Supplied information:
·····

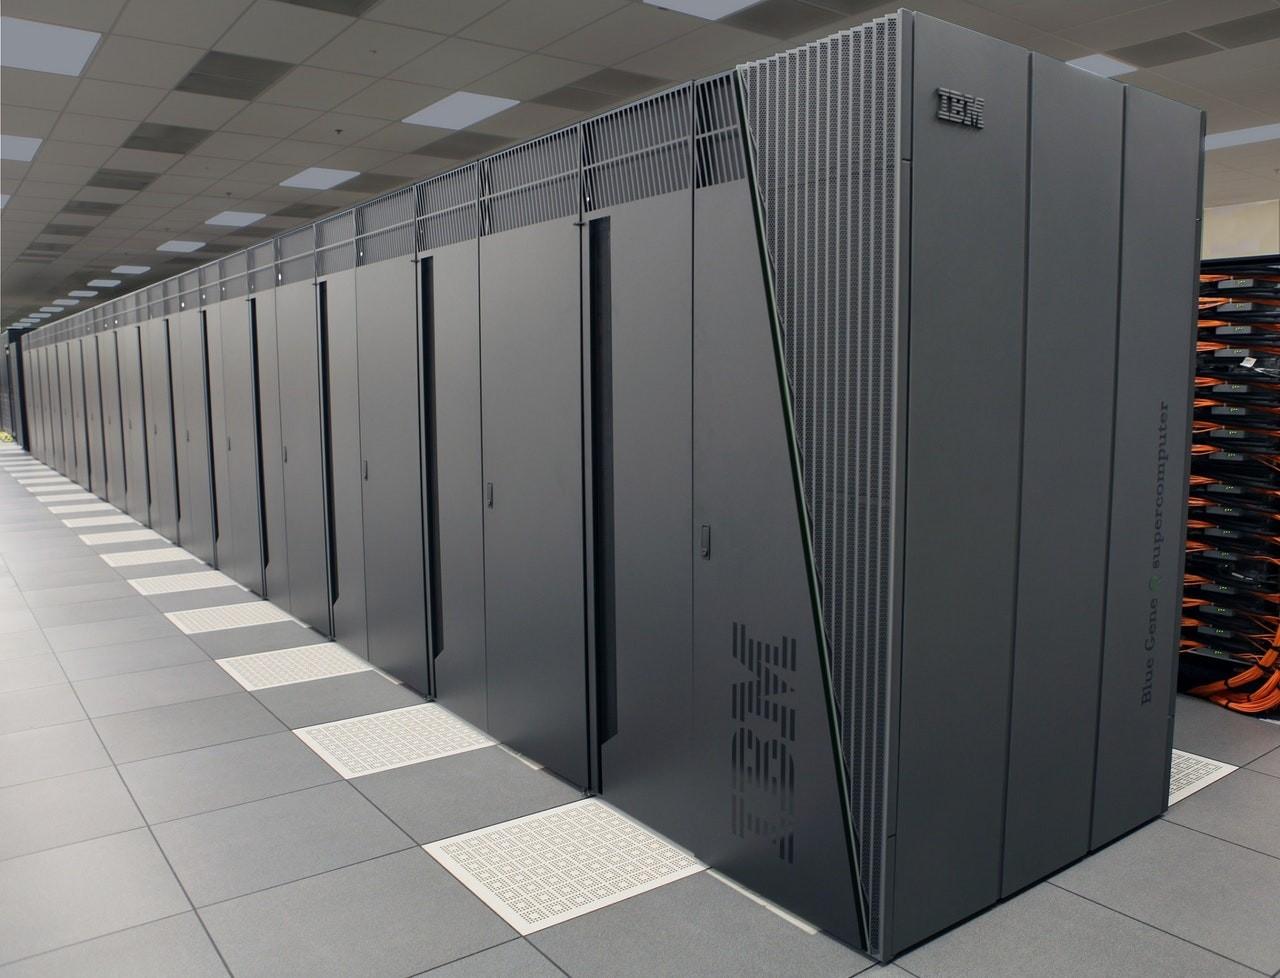 fire-suppression-data-center-server-room
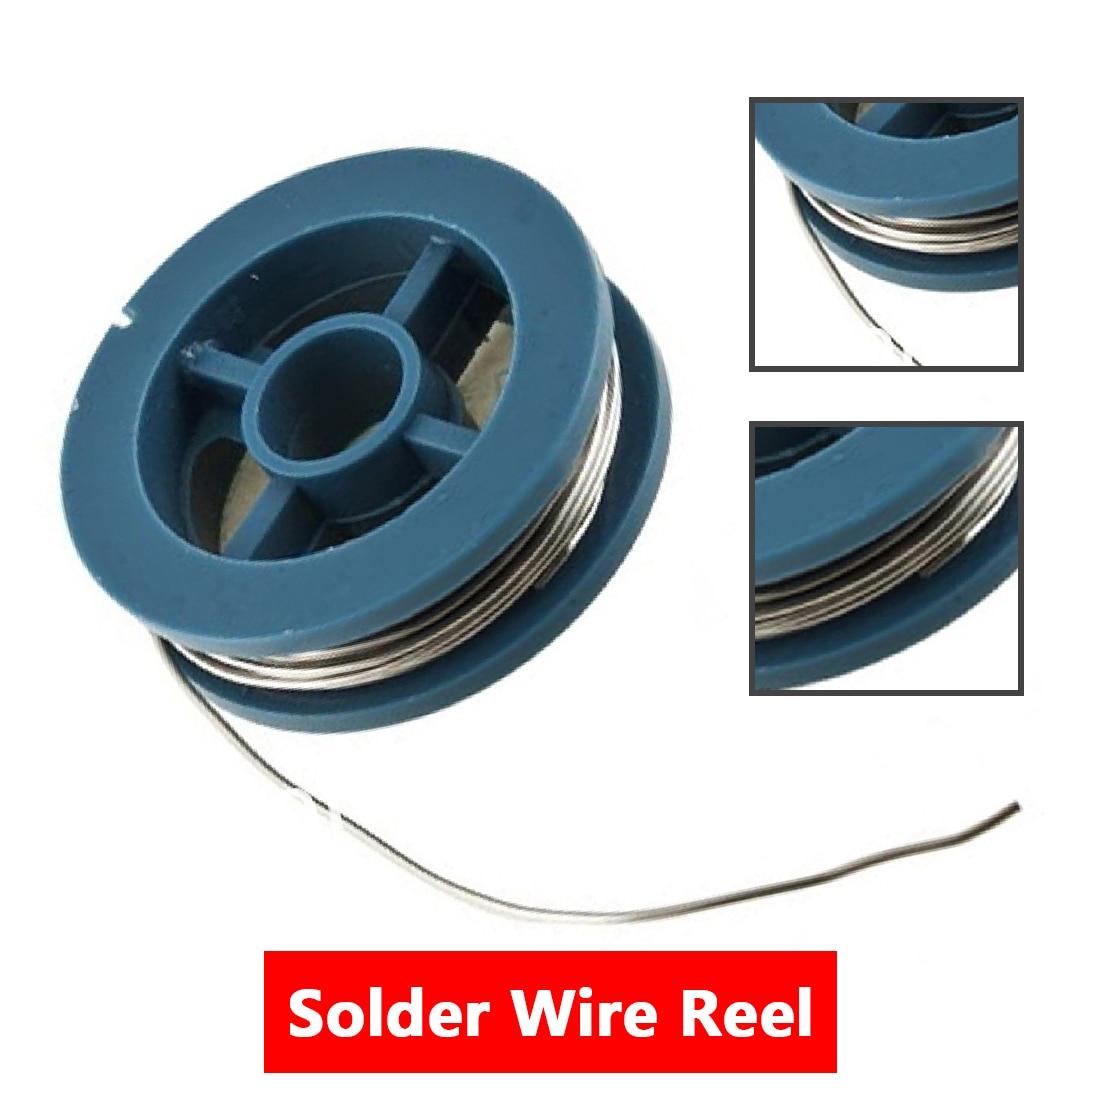 0.8mm Tin Rosin Core Tin/Lead Rosin Roll Flux Solder Wire Reel 361f/183c Melting Point 1.7m
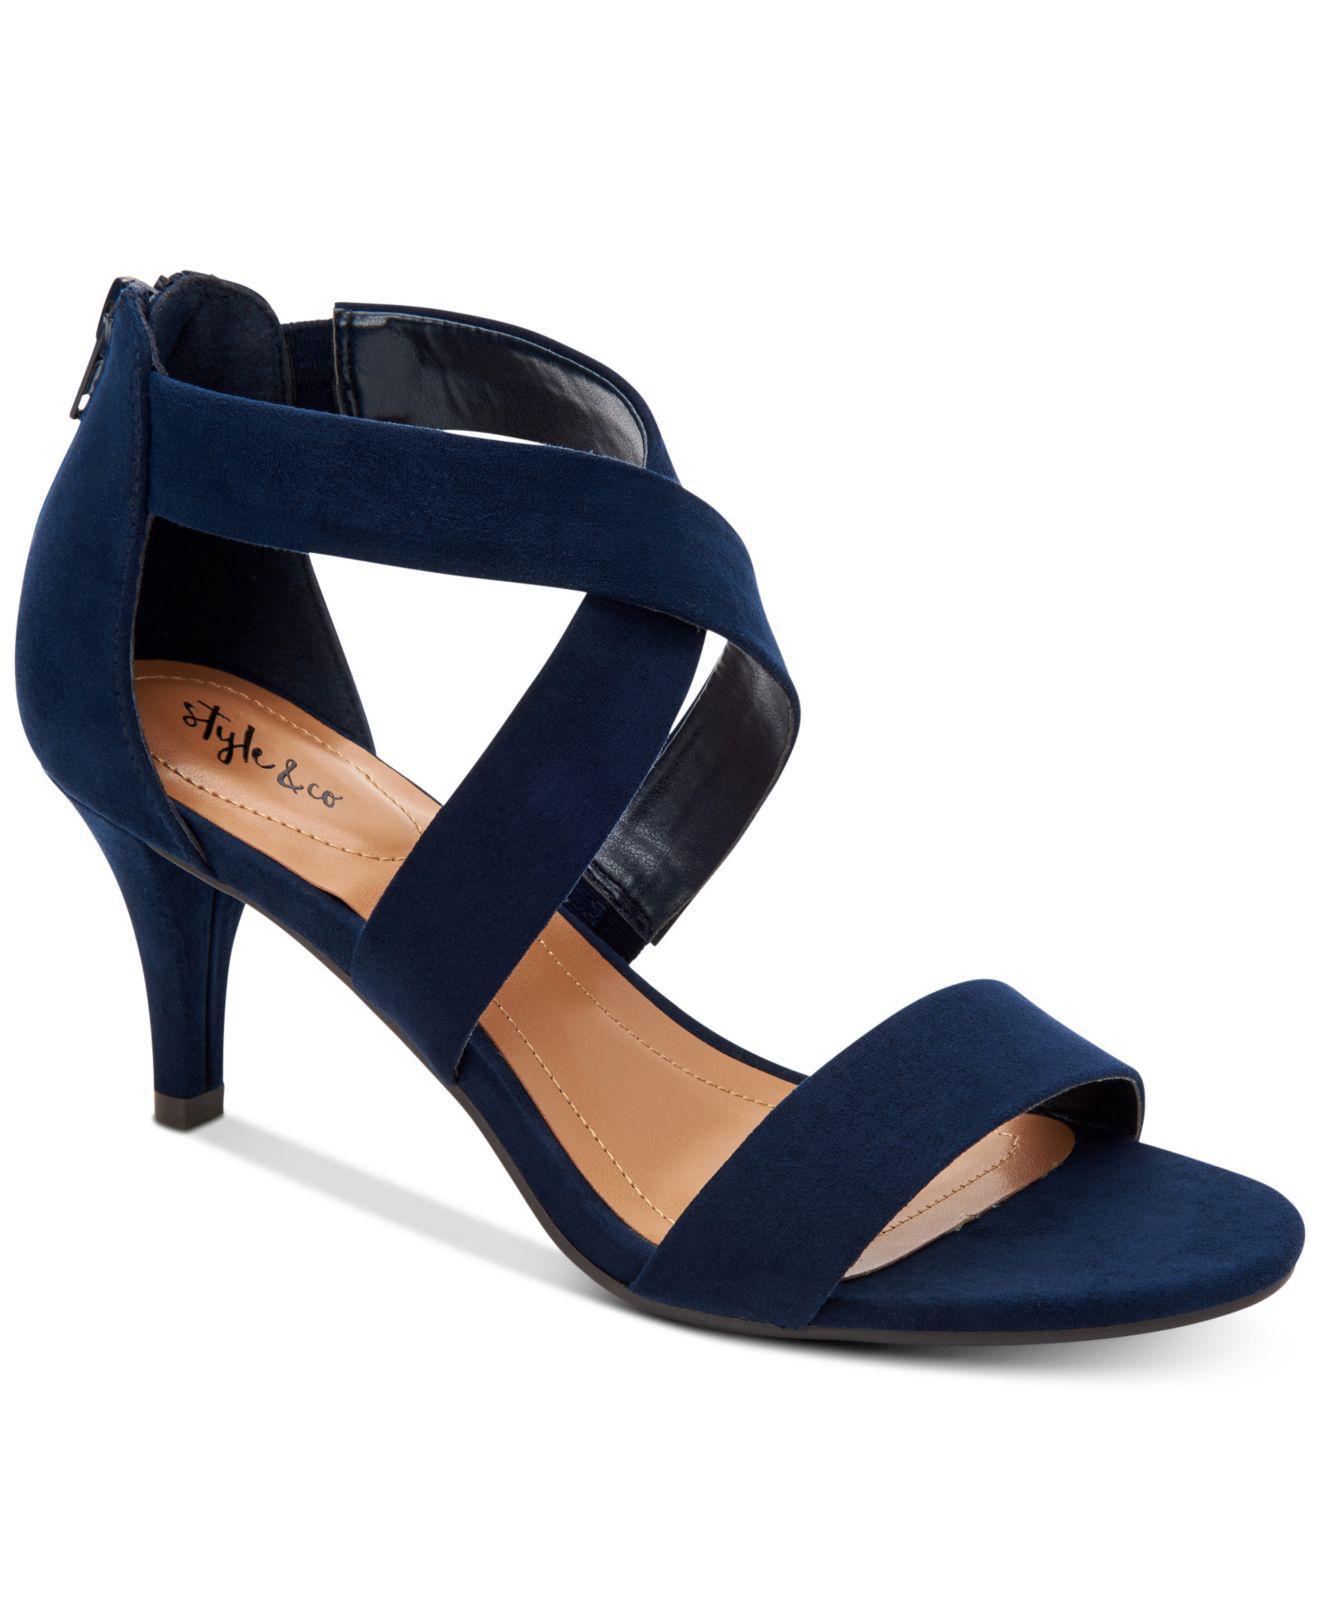 f46fe458b Lyst - Style   Co. Paysonn Dress Sandals

·····

Exercise objective: Could every line above be set down exactly, with the pictures omitted?

Result of the exercise:
 fire-suppression-data-center-server-room
 0.8mm Tin Rosin Core Tin/Lead Rosin Roll Flux Solder Wire Reel 361f/183c Melting Point 1.7m
 f46fe458b Lyst - Style   Co. Paysonn Dress Sandals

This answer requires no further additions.